The timing of an ‘ultra-efficient’ coding model is hard to read as anything other than intentional. On the day before Build, GitHub moved Copilot to usage-based billing, replacing flat-rate subscriptions with AI credits consumed by token use. Developer reaction has been sharp; some users have shared projections of 10x to 50x increases on agentic workflows, and TechCrunch declared the end of Copilot’s ‘golden age.’ A model designed to consume fewer tokens per request is the most direct technical answer Microsoft can offer to a problem its own pricing change just made acute. Whether MAI-Code-1 actually delivers on that depends on numbers Microsoft hasn’t published. The positioning, though, is unambiguous.
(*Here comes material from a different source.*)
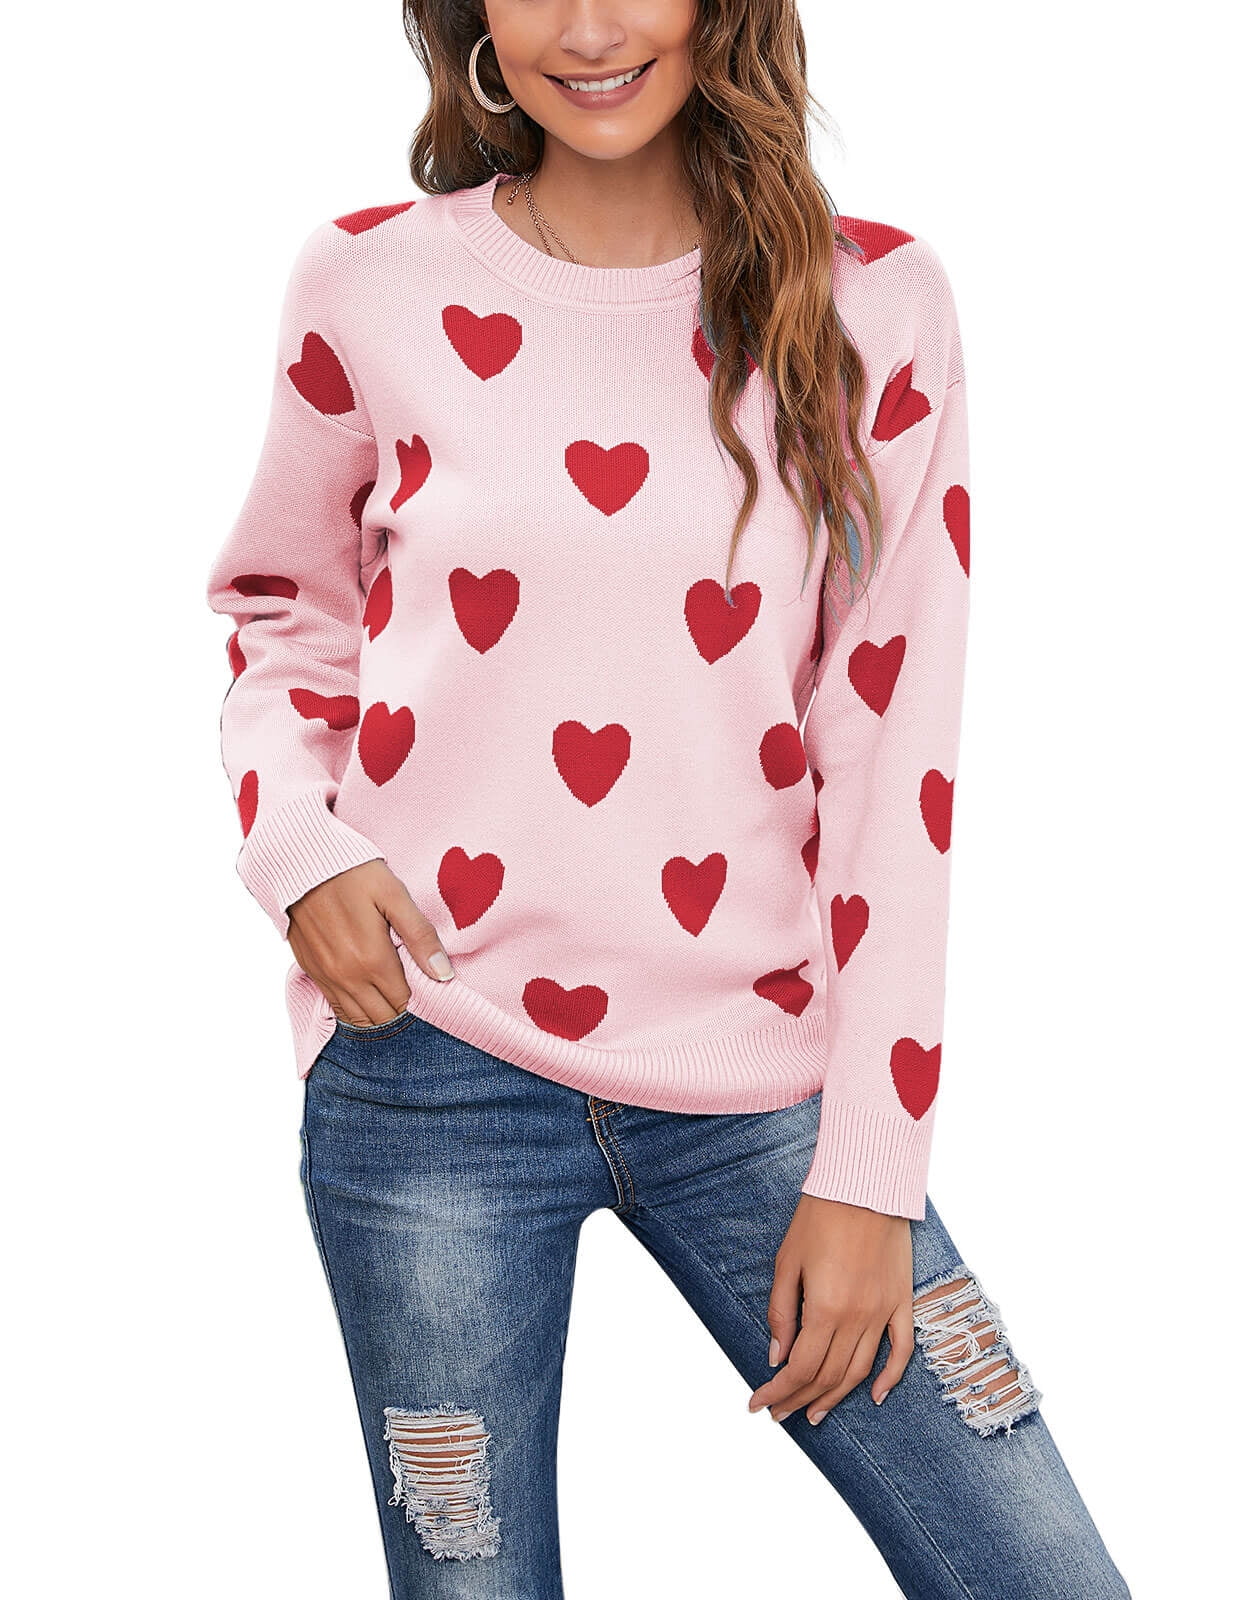 Pullover Sweater for Women Valentine's Day Cute Heart Print Warm ...

It’s worth asking, given the visible reshaping of the Microsoft-OpenAI relationship, why today’s slate doesn’t include a head-on competitor to GPT-5, Claude or Gemini at the general-purpose flagship tier. The likely answer is enterprise demand. These organizations already have access to a flagship LLM, and dislodging an entrenched default inside the same buyer can be an expensive, low-margin fight. Instead, Microsoft’s strategy is about differentiation by category: a reasoning model, a coding model, refreshes across image, voice and transcription. Build the models for categories where the market hasn’t settled on a default. Then, over time, as organizations embrace Microsoft’s humanist AI philosophy, they may want to use its general-purpose LLM whenever that is released.

Disclosure: I attended Microsoft Build as a guest of the company, with my travel and expenses paid for. However, what I write reflects my own reporting and analysis. No one reviewed or approved this piece before publication.